1. Перейти к содержанию
  2. Перейти к главному меню
  3. К другим проектам DW

Театр и кинематограф

Сергей Невский15 ноября 2001 г.

Об отношениях одного из старейших искусств с его успешным младшим собратом.

https://p.dw.com/p/1N6D
Фото: AP

Общество раскололось на две неравные части. Большинство полагает, что важнейшим из искусств является кино. Меньшинство по инерции продолжает считать театр высоким искусством, не замечая его безуспешных попыток стать искусством массовым. Чтобы достичь этой цели, многие театральные режиссёры в последнее время обращаются, в частности, к сценариям успешных фильмов.

Один из первых фильмов в истории кино был заснятым на плёнку представлением в Берлинском варьете "Винтергартен". Несколько позже между театром и кино установилась прочная связь.
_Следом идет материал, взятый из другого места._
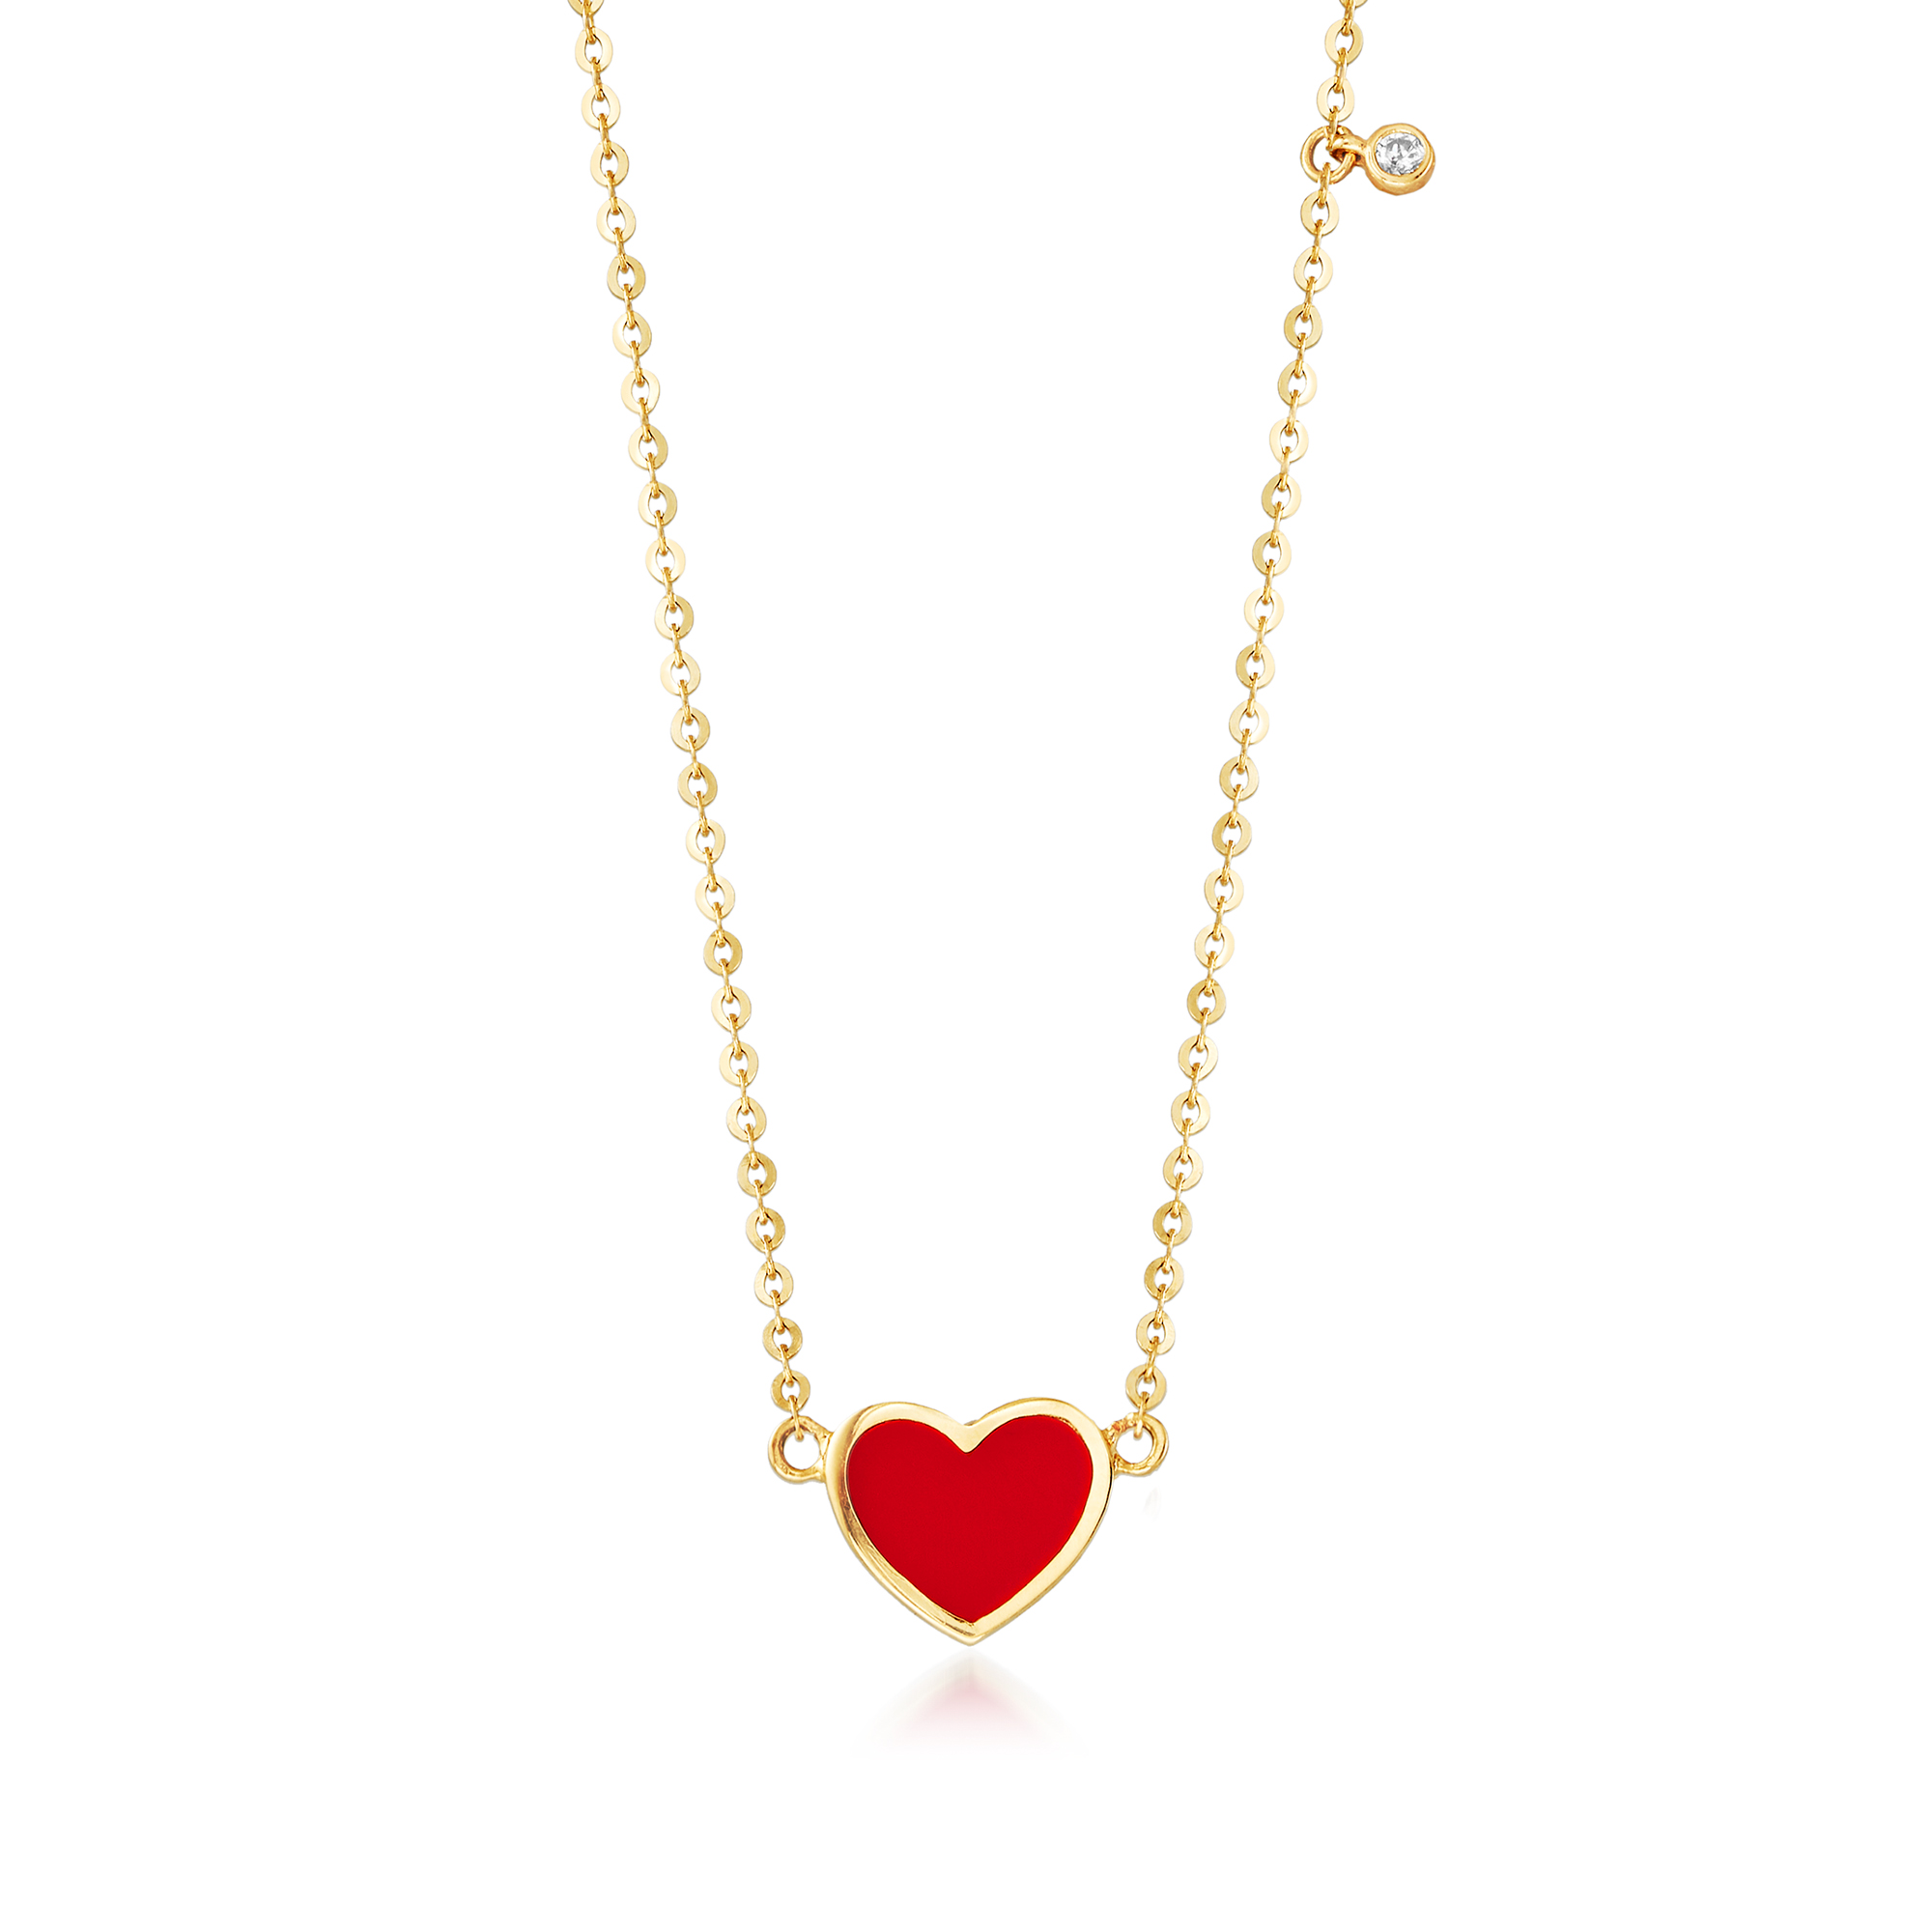 Enamel Heart Necklace 14K Rose Gold / 6mm by Baby Gold - Shop Custom Gold Jewelry

Театр поставлял кино сюжеты и актёров, этот процесс не прервался и по сей день. Кино воплощало эти сюжеты недоступными театру средствами. Поначалу для актёра переход из театра в кино был самоограничением, отказом от целого ряда выразительных средств. Снималась речь и возможность передавать звуковые нюансы при помощи голоса. Жест утрировался, с гримом из-за повышенной светочувствительности тогдашних фильмов дело обстояло ещё хуже. Короче, для бедных актёров переход из театра в кино оборачивался спуском этажом ниже, в балаган, хотя и высокооплачиваемым.

Чтобы понять, как обстоят дела сегодня, достаточно пойти на кинофестиваль и посмотреть, как реагирует публика на появление в зале такого весьма среднего театрального актёра, как Брюс Уиллис. У себя на родине, в одном из североамериканских штатов, он часто играет в бытовых драмах. Как правило отцов семейств с неудавшейся судьбой. Следов в истории театра эта практика не оставила. Однако, как мы все знаем, Уиллис снимается ещё и в кино. Если не брать в расчёт его последний фильм, то киноамплуа его более привлекательны. Как правило, он спасает население земного шара, с этой целью он отправляется в прошлое, высаживается на комету и борется с антиматерией. Все эти вещи, а особенно, если учесть возросшую стоимость антиматерии, сегодня в театре невозможны. Понятно, что и фильмы Уиллиса более знамениты, чем его спектакли.

Следует отметить ещё одно, резко обозначившееся сегодня различие между театром и кино...

Если раньше, в конце прошлого столетия, театр имитировал реальность, в частности, реальность чувства, то ныне он отошёл к своим архаическим истокам, неперсональному ритуалу, где актёру как самостоятельно действующей личности отводится одно из последних мест. Опыт Мейерхольда, Арто и Брехта привёл театр к отказу от попыток создания иллюзии. Сегодня мы имеем дело с режиссёрским театром, актёрам отведены очень ограниченные функции, функции автоматов, выполняющих авторский замысел.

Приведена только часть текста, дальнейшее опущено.